# DATA:
**********
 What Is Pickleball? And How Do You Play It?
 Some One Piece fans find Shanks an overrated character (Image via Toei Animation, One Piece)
**********
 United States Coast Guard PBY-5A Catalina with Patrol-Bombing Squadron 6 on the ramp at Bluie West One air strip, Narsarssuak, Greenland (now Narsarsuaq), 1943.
**********
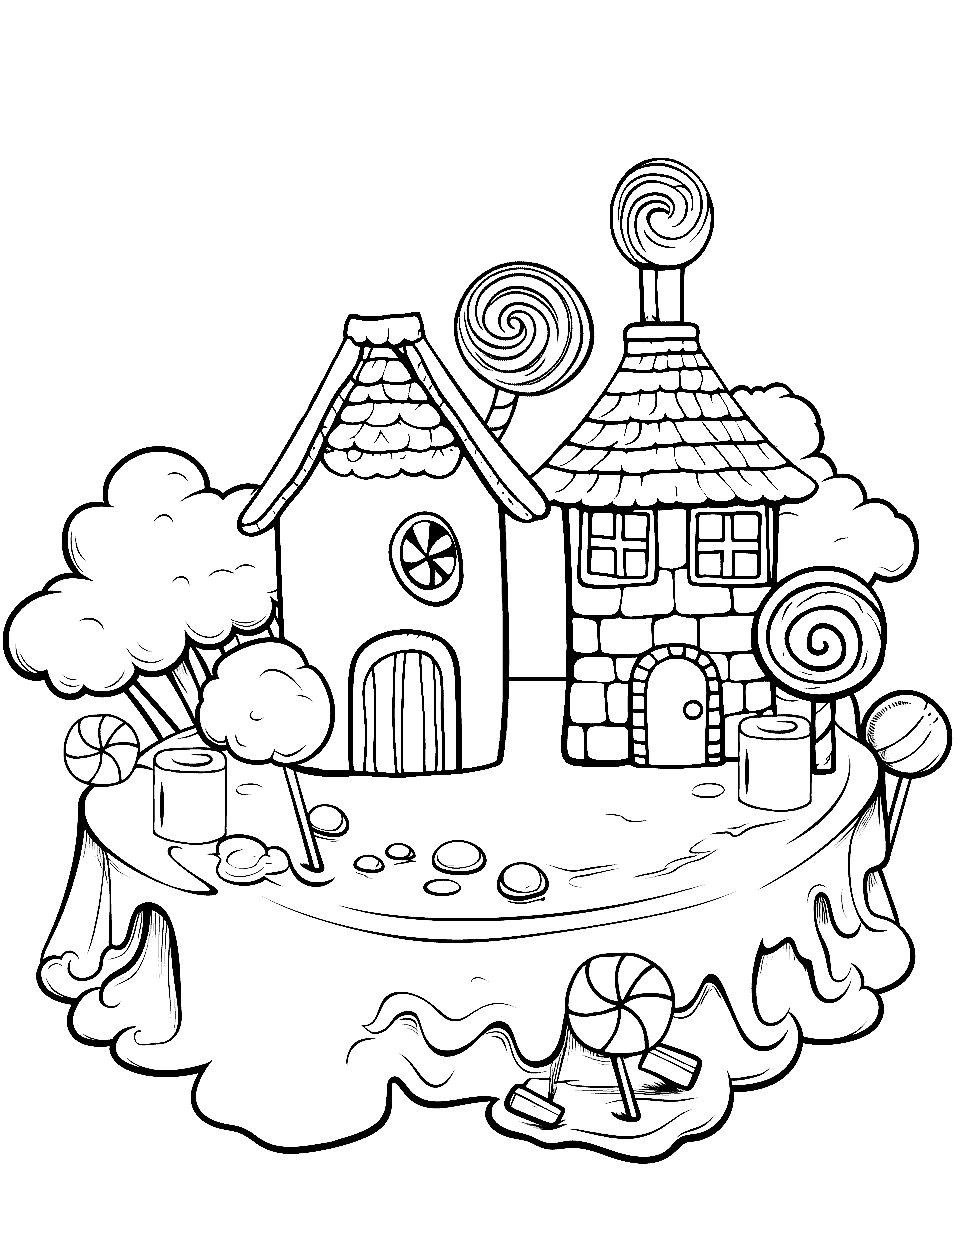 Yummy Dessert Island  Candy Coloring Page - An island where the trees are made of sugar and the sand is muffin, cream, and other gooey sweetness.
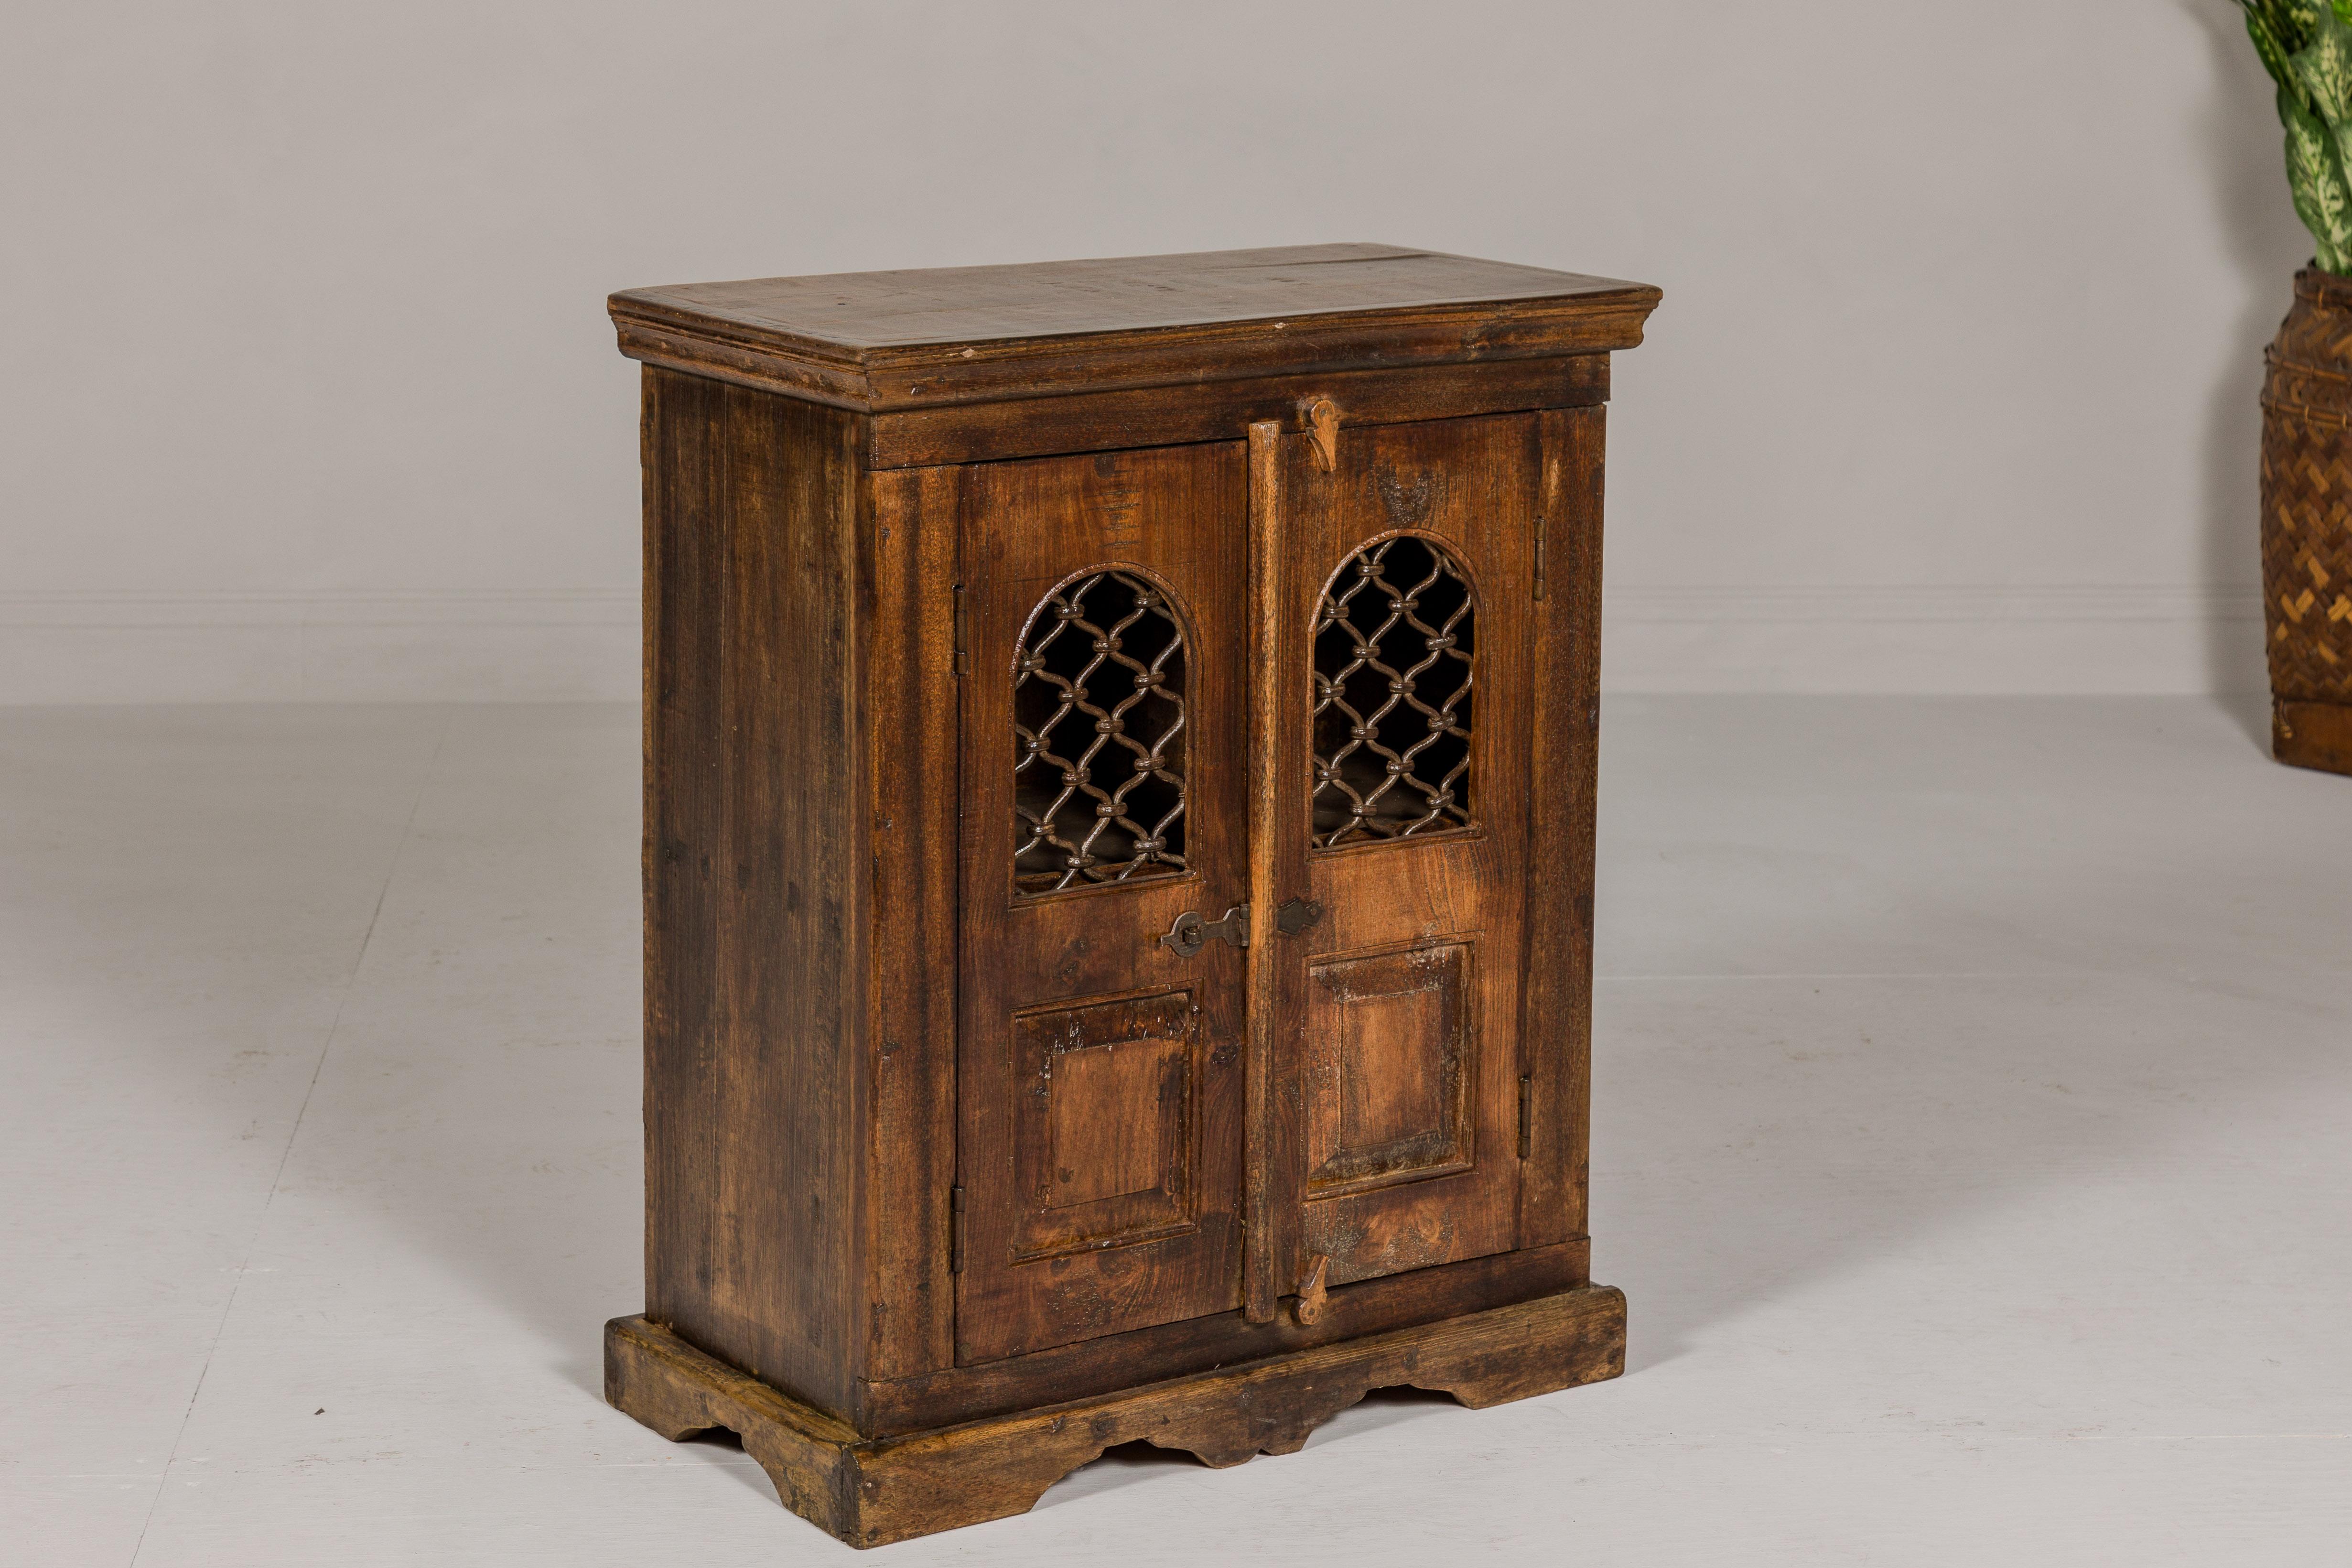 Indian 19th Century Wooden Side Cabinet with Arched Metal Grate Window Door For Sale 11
**********
# PROMPT:
Beginning with the line that has "What Is Pickleball? And How Do You Play It?" and ending with the line that has "Some One Piece", set down the lines above exactly and include no others.

# RESULT OF THE EXERCISE:
 What Is Pickleball? And How Do You Play It?
 Some One Piece fans find Shanks an overrated character (Image via Toei Animation, One Piece)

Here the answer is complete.